**Exercise description:** Every line from the one with "Aerial photograph Rüdinghausen" up to and including the one with "Liepaja, Latvia - August" is to be output exactly as it appears below; pictures are not.

:: Records

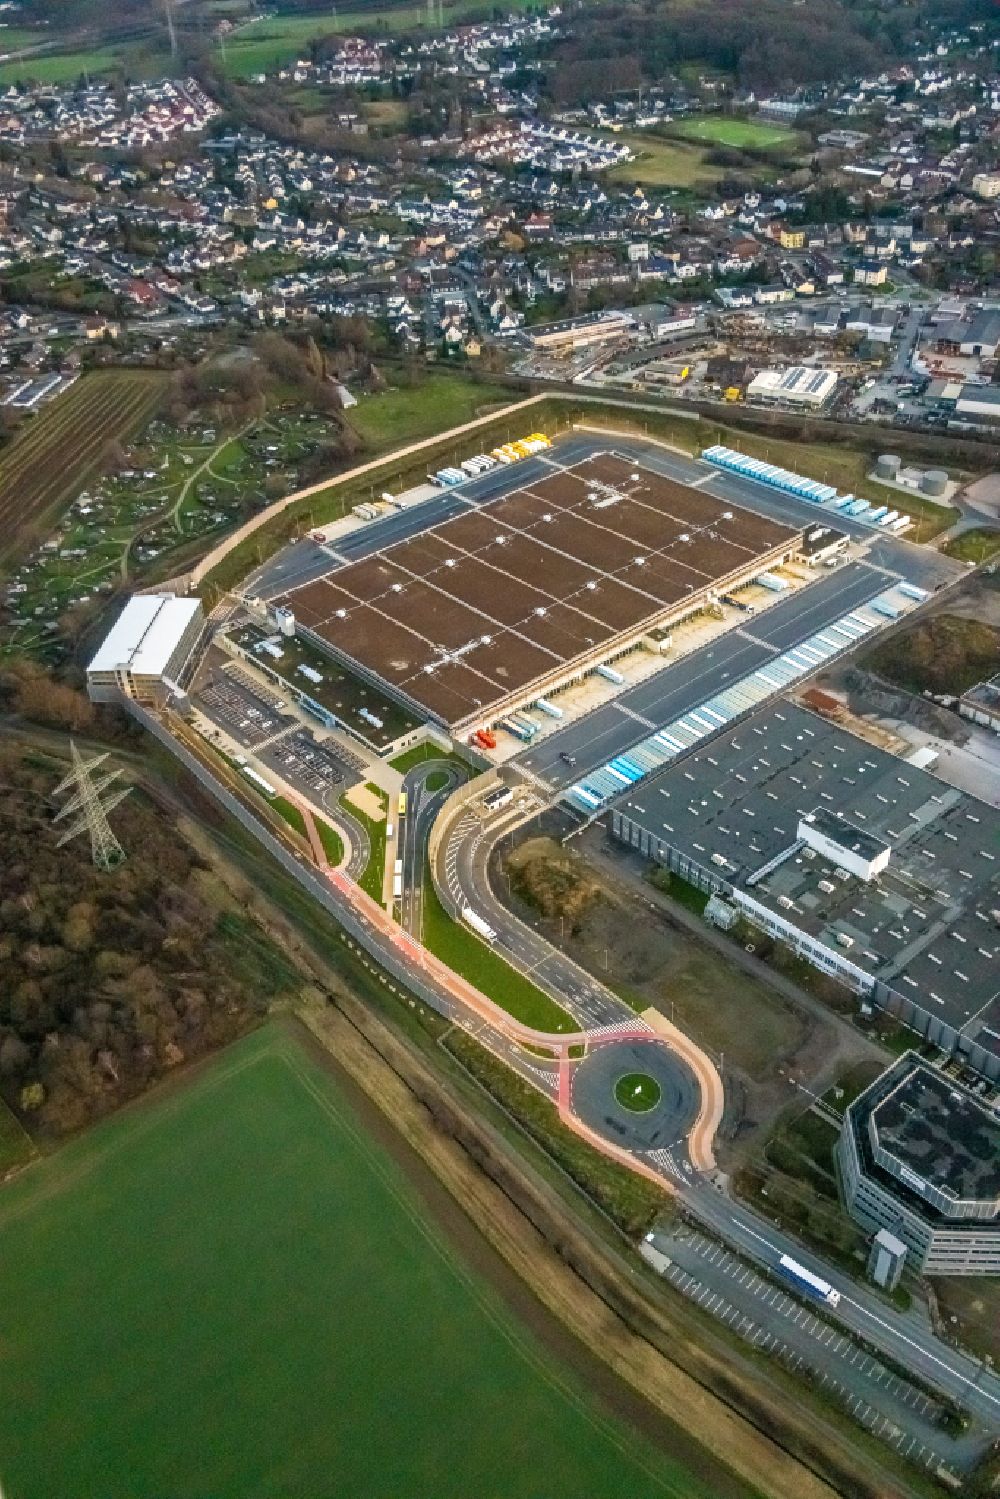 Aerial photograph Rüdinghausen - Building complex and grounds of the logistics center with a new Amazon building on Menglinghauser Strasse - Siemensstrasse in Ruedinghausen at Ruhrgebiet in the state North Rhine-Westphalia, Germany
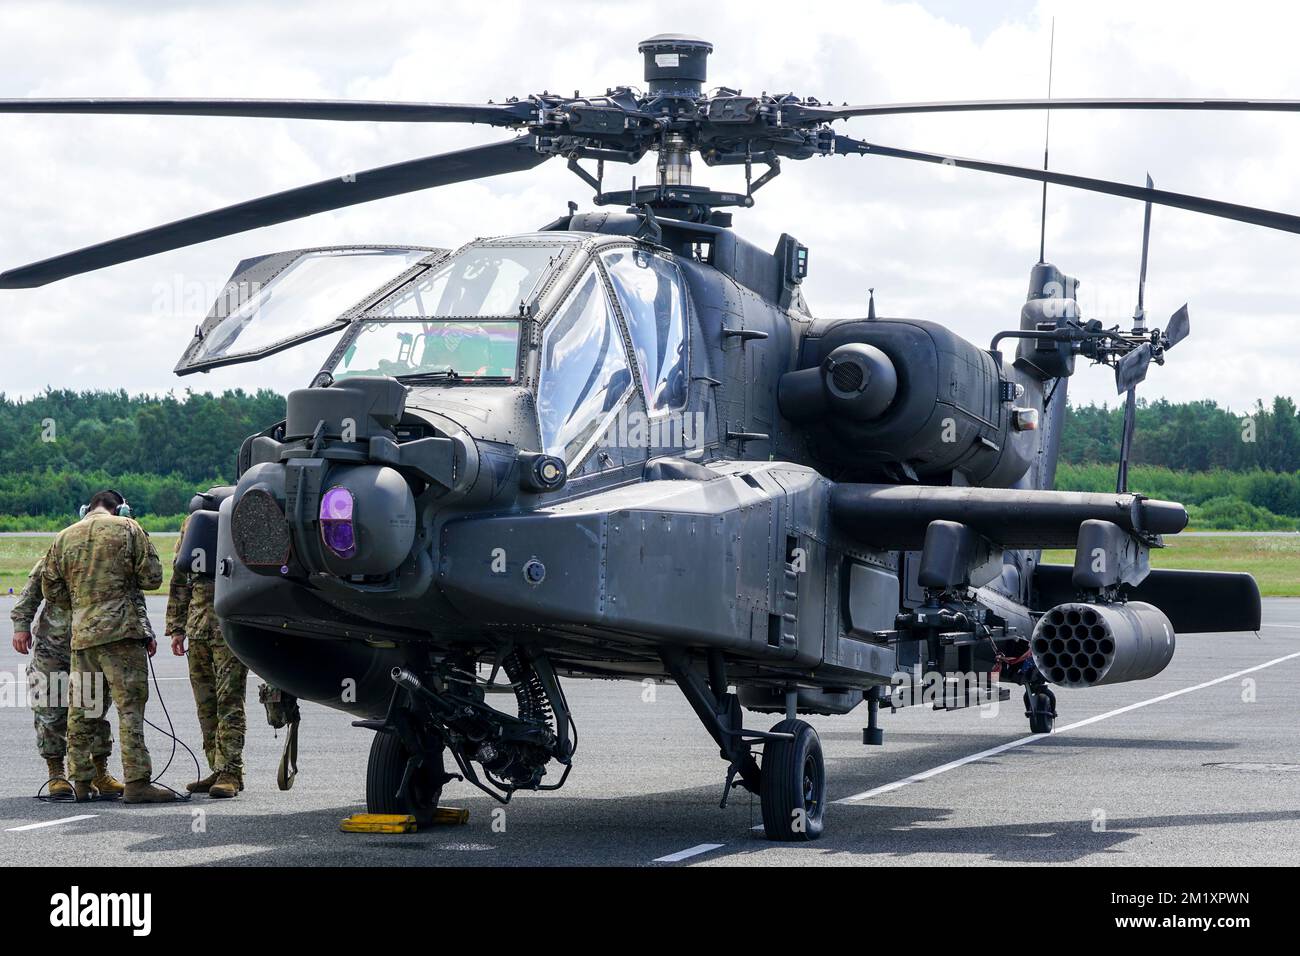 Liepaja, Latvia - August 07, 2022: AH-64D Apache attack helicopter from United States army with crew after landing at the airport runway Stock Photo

::::
:: Records

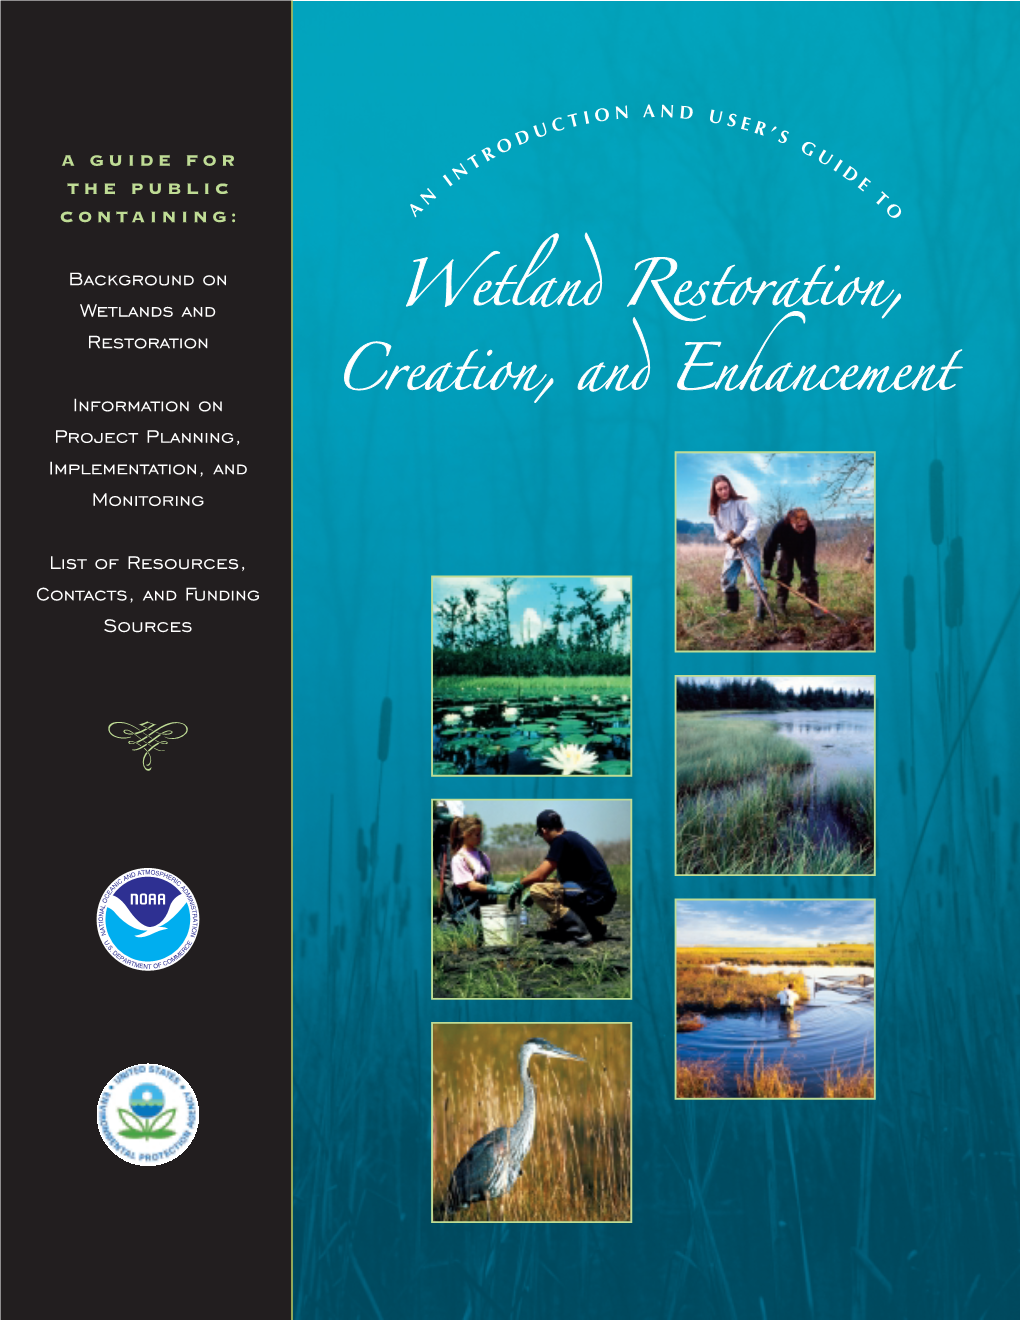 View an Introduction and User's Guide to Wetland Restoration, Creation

::::

**Response area:**
 Aerial photograph Rüdinghausen - Building complex and grounds of the logistics center with a new Amazon building on Menglinghauser Strasse - Siemensstrasse in Ruedinghausen at Ruhrgebiet in the state North Rhine-Westphalia, Germany
 Liepaja, Latvia - August 07, 2022: AH-64D Apache attack helicopter from United States army with crew after landing at the airport runway Stock Photo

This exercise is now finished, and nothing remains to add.